O apelo extremo foi interposto com fundamento na alínea "a" do permissivo constitucional.
O acórdão recorrido ficou assim ementado:
APELAÇÃO — REEXAME NECESSÁRIO — Ação anulatória de débito fiscal — Multa — Autuação por recebimento e estocagem de mercadorias acompanhadas de documentação fiscal emitida por empresa declarada inidônea — Sentença de parcial procedência — Afastamento dos juros moratórios fixados pela Lei nº 13.918/09 e recálculo com aplicação da Taxa Selic — Provimento do recurso de apelação, prejudicada a análise do reexame necessário — Reconhecimento de total procedência do pedido — Fixação dos honorários advocatícios sucumbenciais, por apreciação equitativa — Interposição de recurso especial — Remessa para eventual adequação da fundamentação e/ou manutenção da decisão, nos termos do art. 1.040, II, do CPC/15, em razão do julgamento do mérito do REsp nº 1.850.512/SP, Tema nº 1.076 do STJ — Admissibilidade de arbitramento de honorários por equidade quando, havendo ou não condenação, o proveito econômico obtido pelo vencedor for inestimável ou irrisório ou quando o valor da causa for muito baixo — Inocorrência — Hipótese em que os honorários devem ser fixados sobre o proveito econômico — Adequação do julgado.
Opostos os embargos de declaração, foram rejeitados.

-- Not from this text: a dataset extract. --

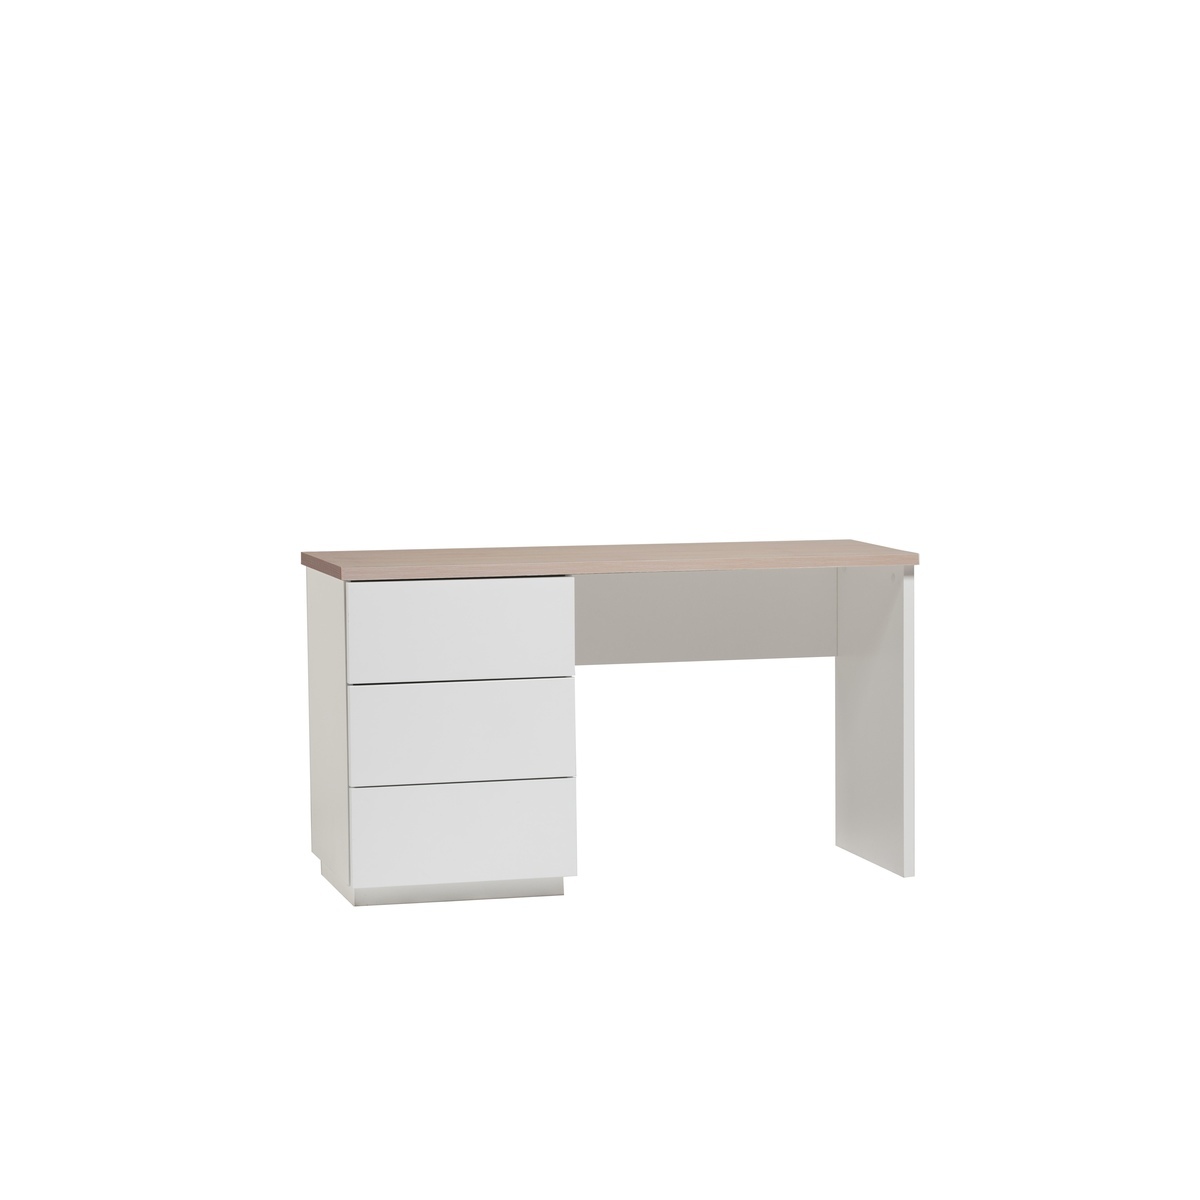 Anton työpöytä 130cm, laatikoilla, valkoinen/tammi

No recurso extraordinário sustenta-se violação do(s) art.(s) 1º, inciso IV, 5º, caput e inciso LIV, e 170, da Constituição Federal.
Decido.
Analisados os autos, verifica-se que, para ultrapassar o entendimento do Tribunal de origem, seria necessário analisar a causa à luz da interpretação dada à legislação infraconstitucional pertinente e reexaminar os fatos e as provas dos autos, o que não é cabível em sede de recurso extraordinário, pois a afronta ao texto constitucional, se houvesse, seria indireta ou reflexa e a Súmula 279 desta Corte impede o reexame de provas. Sobre o tema, a propósito:
“ Agravo regimental no recurso extraordinário com agravo. Direito Administrativo. Responsabilidade do Estado. Danos morais e materiais. Dissídio coletivo. Descumprimento de acordo. Fatos e provas. Reexame. Impossibilidade. Precedentes. 1. Inadmissível, em recurso extraordinário, o reexame dos fatos e das provas dos autos. Incidência da Súmula nº 279/STF. 2. Agravo regimental não provido.” (ARE nº 1.182.799/SP-AgR, Tribunal Pleno, Min. Rel. Dias Toffoli (Presidente), DJe de 24/4/2019).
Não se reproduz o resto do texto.